It can be easy to feel like you need to hit all of your financial goals at the same time – maximize your pension contributions, pay off thousands of dollars in debt, and limit your discretionary spending so you can save more. But setting goals that are probably beyond your current reach can actually make you uncomfortable if you don’t meet those goals.

“One of the difficulties with goal setting is thinking ‘all or nothing,’ Castro says.“ It’s an extreme state of mind, and when we do things like that, we prepare for it. ‘failure because we don’t take into consideration all the grays in life. “

If your goal is to save $ 500 per month, but you haven’t even started saving $ 50 per month, it will be very difficult to take the necessary steps to review your budget and make sure you actually have 500. additional $ to be saved each month, says Castro.

Setting more achievable goals for your personal situation – even if they seem small, like saving $ 50 a month – allows you to develop healthy financial habits that will be sustainable in the long run. This way, you can feel motivated when you reach your current goals and progress to bigger ones.

2. Focus on creating progressive shifts

One way to avoid creating goals that are too extreme is to focus on the ones that keep you growing over time.

“You can say, ‘I’m going to increase my savings by 1%, and every few months I’m going review my budget and increase my savings by another 1%, ”says Castro. “It’s more sustainable than going from saving nothing to saving a lot more.

It’s also important to keep in mind that things can change. You can spend more money some months because you have some big occasions like birthdays, weddings, and vacations. Other months your expenses may be a little lower. For this reason, it is very important to give yourself a little grace and start by creating healthy little shifts with your money. And, as your income and budget grows over time, you may have more room to take even bigger steps towards your ultimate goals.
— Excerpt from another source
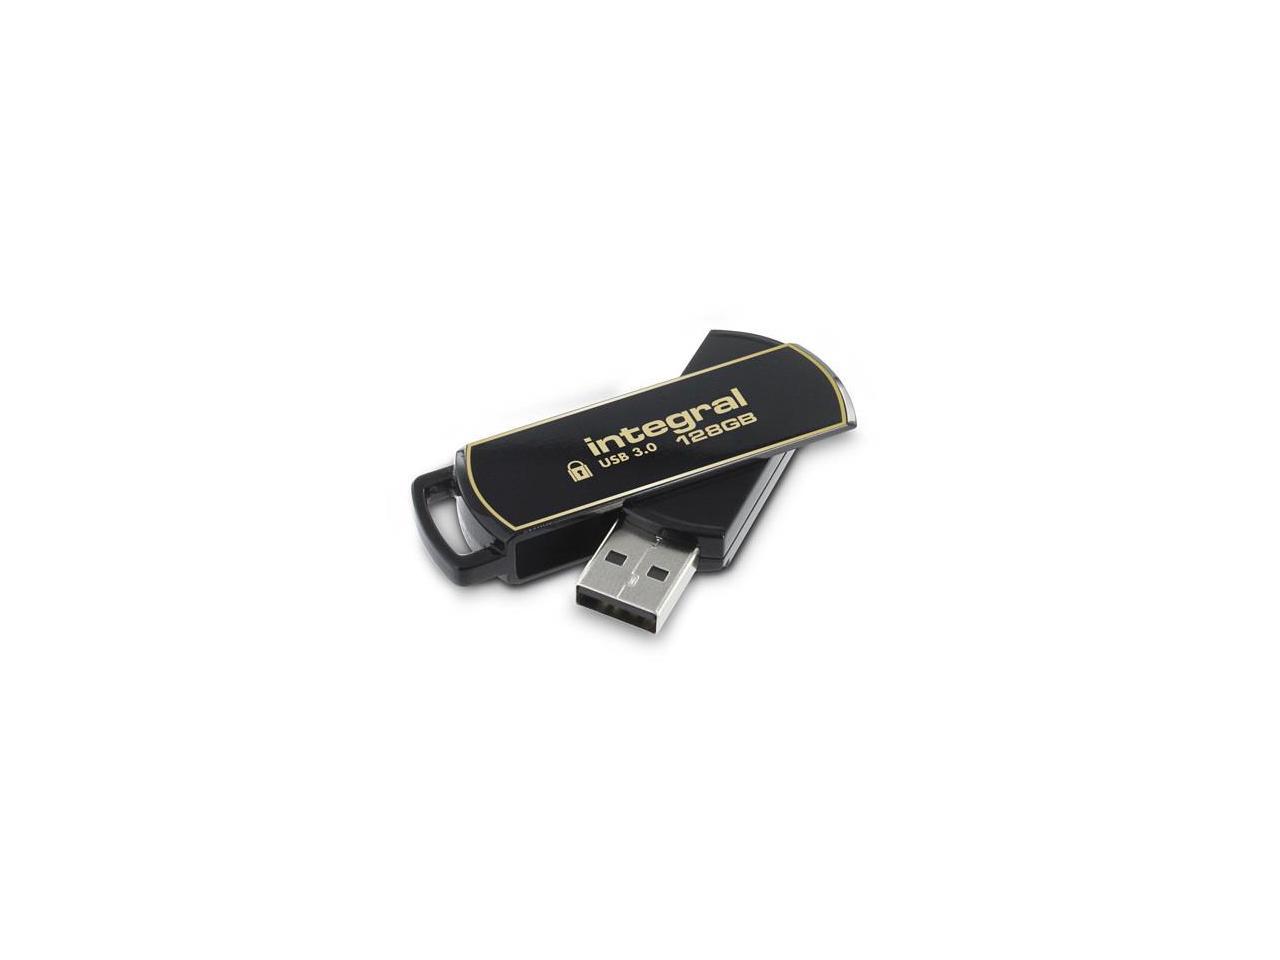 128GB Integral Secure 360 Encrypted USB3.0 Flash Drive (256-bit AES Encryption)

3. Accept the fact that there will always be financial surprises that arise.

Make progress on any financial goal, like Paying off credit card debt can be fun until you have to reuse your credit card in an emergency and the repayment cycle starts all over again. There is a lot of emotion when it comes to managing your money, even after reaching a great goal, as you may feel new pressure to hold on to it. It can be difficult to do when you feel like there are always new expenses looming over you.

“With money, there’s always that unexpected event that happens,” says Castro. “It’s a no-brainer, so the sooner we accept it the easier it becomes. Maybe your car breaks down or you get an unexpected bill. You need to build that into your financial strategy so you don’t get caught. off guard, and it won’t. doesn’t derail your progress. “

One way to prepare for unexpected expenses is to create an emergency fund. An emergency fund is money separate from your savings account that you can use to cover any unforeseen expenses. That way, you can pay that surprise bill or cover your emergency auto repair without going into too much debt.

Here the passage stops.